Выбрать главу

Октябрьская революция была таким историческим действием. Для белорусского народа также. Это и при­давало новую масштабность белорусскому художест­венному слову.

К. Чорный ясно представлял себе, что только из разговора с целым миром о том, что миру интересно знать после Шекспира и Толстого, Достоевского и Бальзака, что только из такого разговора, широкого и серьезного, может вырасти подлинная литература. И вот для того, чтобы понять, что еще можно сказать не только о себе, своем крае, но и о человечестве, человеке на планете Земля после Толстого, Бальзака, Горького, белорусский прозаик и начинает внимательно изучать классику. Немалое значение в этом смысле имели переводы на белорусский язык произведений А. С. Пушкина, А. Н. Островского, Н. В. Гоголя, А. М. Горького, сделанные К. Чорным. Можно обна­ружить и более активное, творческое изучение класси­ки, которое порой напоминает даже соперничество, но не самоуверенно «молодняковское», а серьезное, вдум­чивое, с полным пониманием сложности задачи.

Берется, к примеру, толстовский «Холстомер» и пи­шется как бы его белорусский вариант, где лошадь — не с господской конюшни, а из крестьянского хлева, а жизнь, о которой «думает» лошадь,— мужицкая. И не столько обобщающие мысли о жизни (у Толстого они немного ироничные, поданные через «нормаль­ный», «естественный» взгляд Холстомера, который, например, удивляется, почему люди так любят слово «мое») важно сформулировать молодому К. Чорному в «Буланом», для него важнее точно угадать, передать самые тонкие ощущения живого существа.

Именно психологизма не хватает белорусской прозе, считает К. Чорный, и потому его «эксперимент» — в этом направлении прежде всего.

Или под впечатлением горьковского рассказа «Тос­ка» (о неожиданном испуге купца перед бессмыслен­ностью его жизни и неизбежностью смерти) пишется как бы новый, белорусский его вариант — «Порфир Кияцкий». Что-то горьковское остается (утренний раз­говор с женой, которая вдруг показалась такой чужой бегство в город, встреча с похоронной процессией), только вместо целостного рассказа — «рисунки челове­ческих ощущений», и каждое мимолетное ощущение Порфира Кияцкого, который вдруг осознал невозмож­ность жить, как жил прежде, само по себе интересует молодого прозаика, как глубочайшая психологическая загадка, которую нужно раскрыть «до самого дна».

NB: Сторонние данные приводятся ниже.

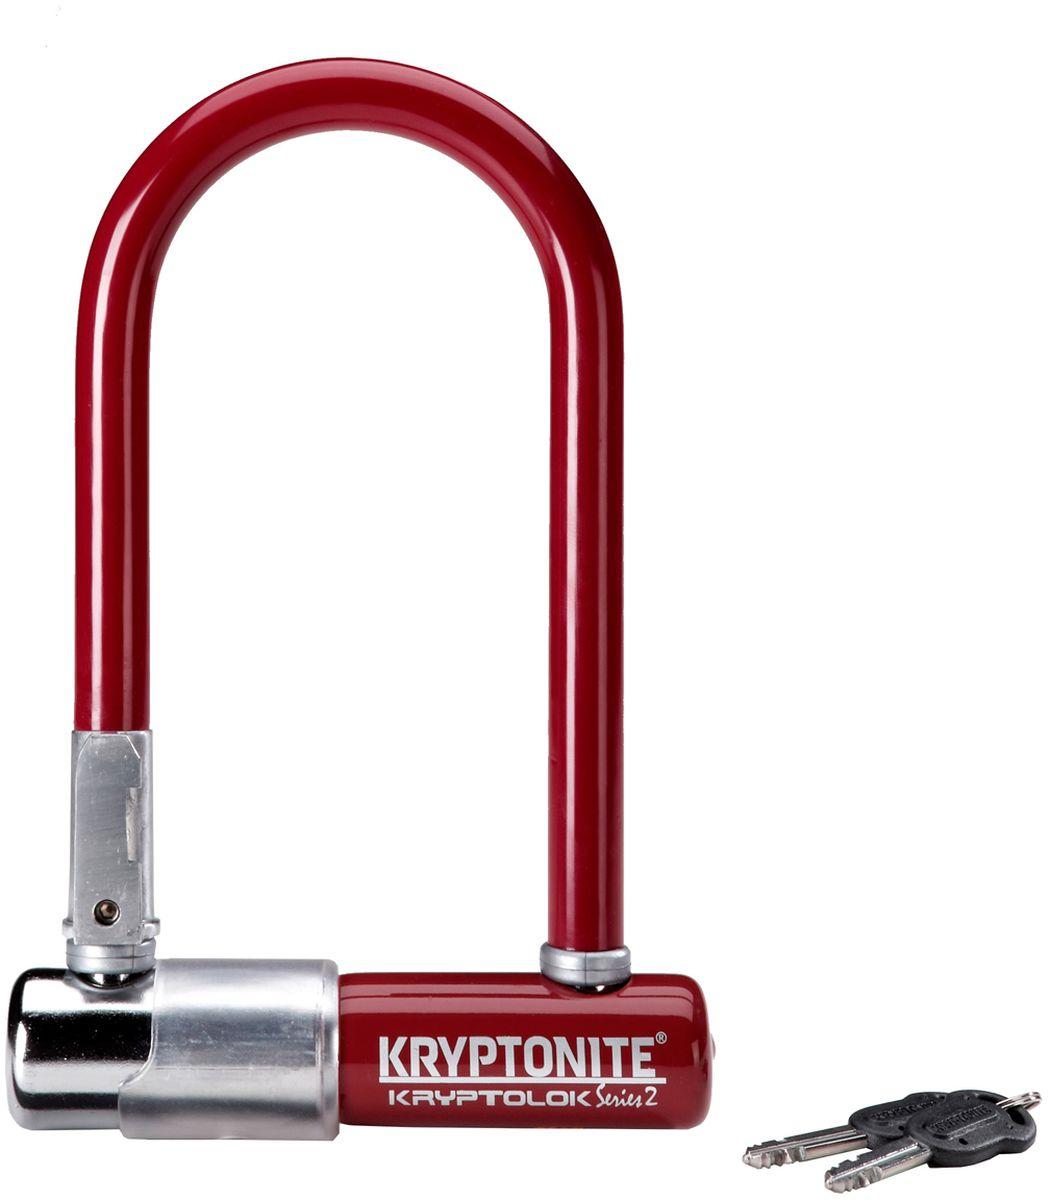 Замок велосипедный Kryptonite U-locks KryptoLok Series 2 Mini-7, цвет: бордовый0720018001522Велозамок Kryptonite Kryptolok series 2 Mini-7 Orange — компактный размер, надёжность и яркая цветовая гамма. Уникальный набор ключей, 13-ти миллиметровая дужка и двойная конструкция засова гарантированно не поддадутся кусачкам и взлому. Благодаря своим габаритам, u-lock легко возить с собой в сумке или за ремнем. - 13 мм закаленная стальная скоба - Система Transit Flex Frame-U для крепления к раме байка - Виниловое покрытие, не оставляющее царапин на раме - Защита от стука и шума - Защита от пыли и влаги - В комплекте идет 2 ключа - Программа Key Safe (возможность заказа нового ключа) - Silver Sold Secure (классификация надежности замков в Европе) - Уровень защиты 6 из 10 Диаметр дуги замка: 13 мм Размеры замка: 8,2 х 17 см Вес модели: 1,11 кг.

Но не от беспомощности такое прямое литературное наследование, а как раз наоборот, от молодого ощу­щения своих возможностей, ибо «сила по жилушкам переливается», и хочется ее проверить и таким спо­собом.

Но не только таким.

Перед молодым прозаиком все время стоят и требу­ют практического ответа вопросы: что нужно, чтобы твоя литература, твоя белорусская проза была инте­ресной, нужной и для других? Нужно, чтобы она была белорусская, но чтобы «белорусская» не означало — этнографизм, бытописательство.

Нужно, чтобы, повествуя о своем, она говорила и о всеобщем, чтобы весь человек в ней присутствовал. И не только поведение, мысли, чувства человека, но и то, что «на грани мыслей и чувств», что на границе меж горем и радостью, печалью и бездумной весе­лостью.

Психологизм, углубленный, напряженный, анали­тический,— вот путь, который во второй половине два­дцатых годов выбрал для себя молодой К. Чорный, убежденный в том, что, только вырабатывая свои «про­заические», «эпические» и «аналитические» средства, белорусская проза поднимется до уровня поэтических вершин купаловской, коласовской, богдановичской классики.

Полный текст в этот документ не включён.